= Daniel Rankin Steuart =

Scottish industrial chemist

Daniel Rankin Steuart FRSE FIC FCS (10 March 1848 – 1 August 1925) was a 19th/20th century Scottish industrial chemist.

==Life==
He was born in Bogside, North Lanarkshire on 10 March 1848, the son of Sarah Whitehead (1805-1888), and her husband the elderly Alexander Steuart (1789-1865).

He studied chemistry at the University of Edinburgh under Prof Alexander Crum Brown.

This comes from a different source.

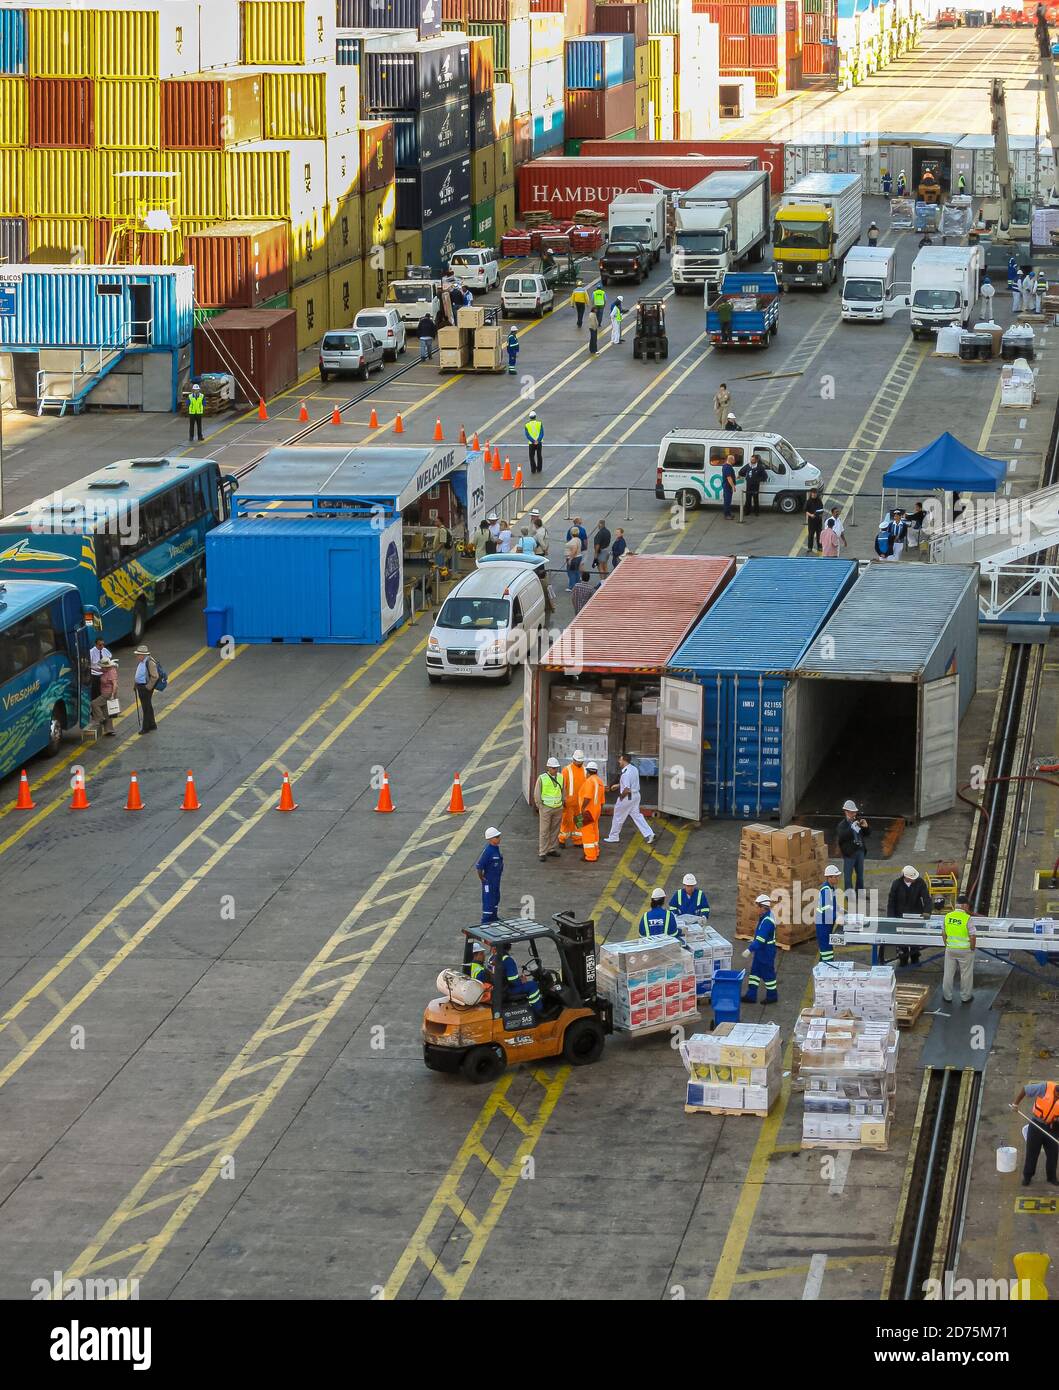 Valparaiso, Chili - 8 décembre 2008 : contrôle intensif du contenu des conteneurs et du chargement sur le shiip au port. Camions et piles de conteneurs en dif Banque D'Images
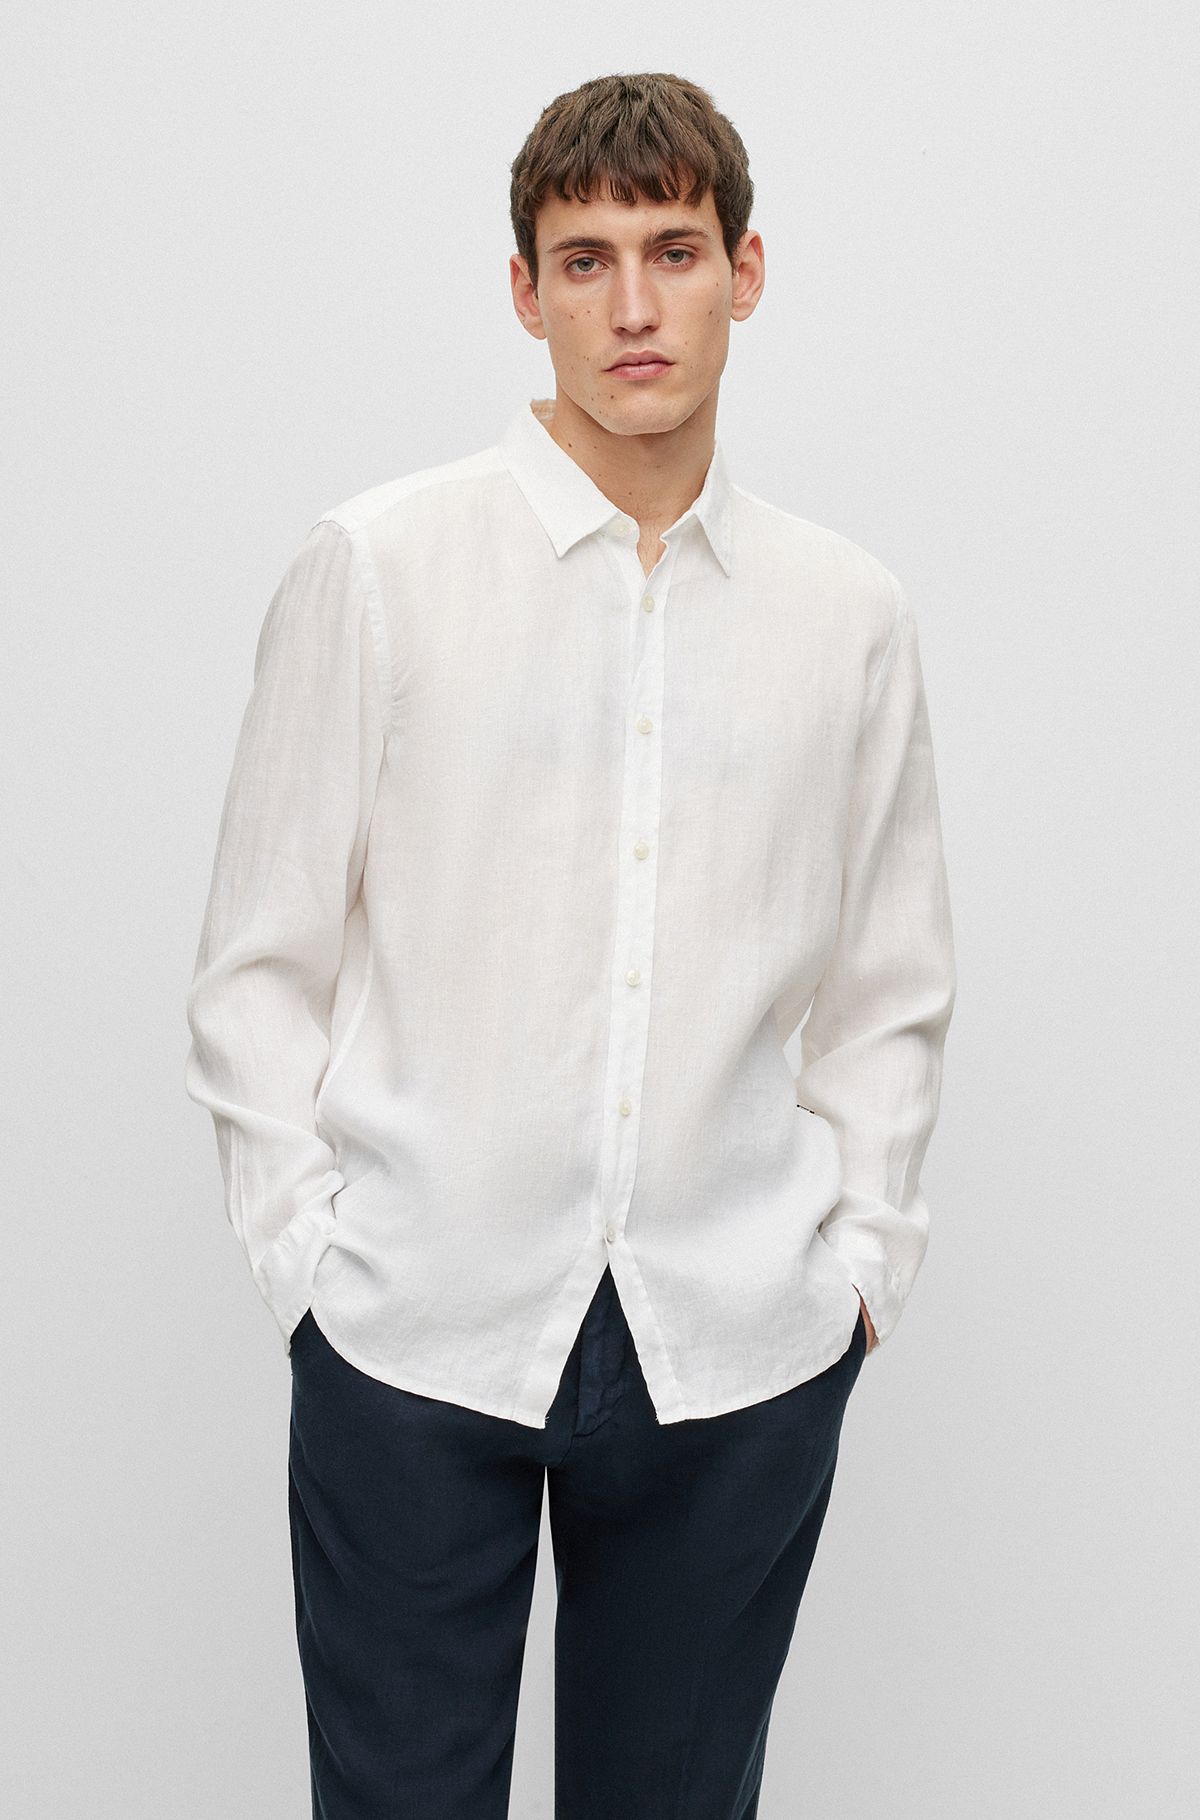 Regular-fit overhemd met lange mouwen in chambray van linnen, Wit

He then undertook postgraduate studies in Glasgow and Munich before joining the Oakbank Oil Works under George Beilby. In 1877 he was appointed Chief Chemist of the newly created Broxburn Oil Company.

In 1916 he was elected a Fellow of the Royal Society of Edinburgh. His proposers were John Horne, Leonard Dobbin, Robert Kidston, and John Smith Flett. He lived at 11 Melville Crescent in Edinburgh's West End.

He retired in 1920 and died at 20 Hillview, Blackhall, Edinburgh on 1 August 1925.

==Family==

In 1883 he married Margaret Osborne (d.1907). They had four sons and two daughters. Their son Alexander Steuart became a famous clock-maker. Their youngest son 2nd Lt James William Harvie Steuart served in the Royal Scots during the First World War and was severely wounded in the Battle of Arras in April 1917, eventually dying of his wounds on 12 May 1920. He is buried in Ecclesmachan Cemetery.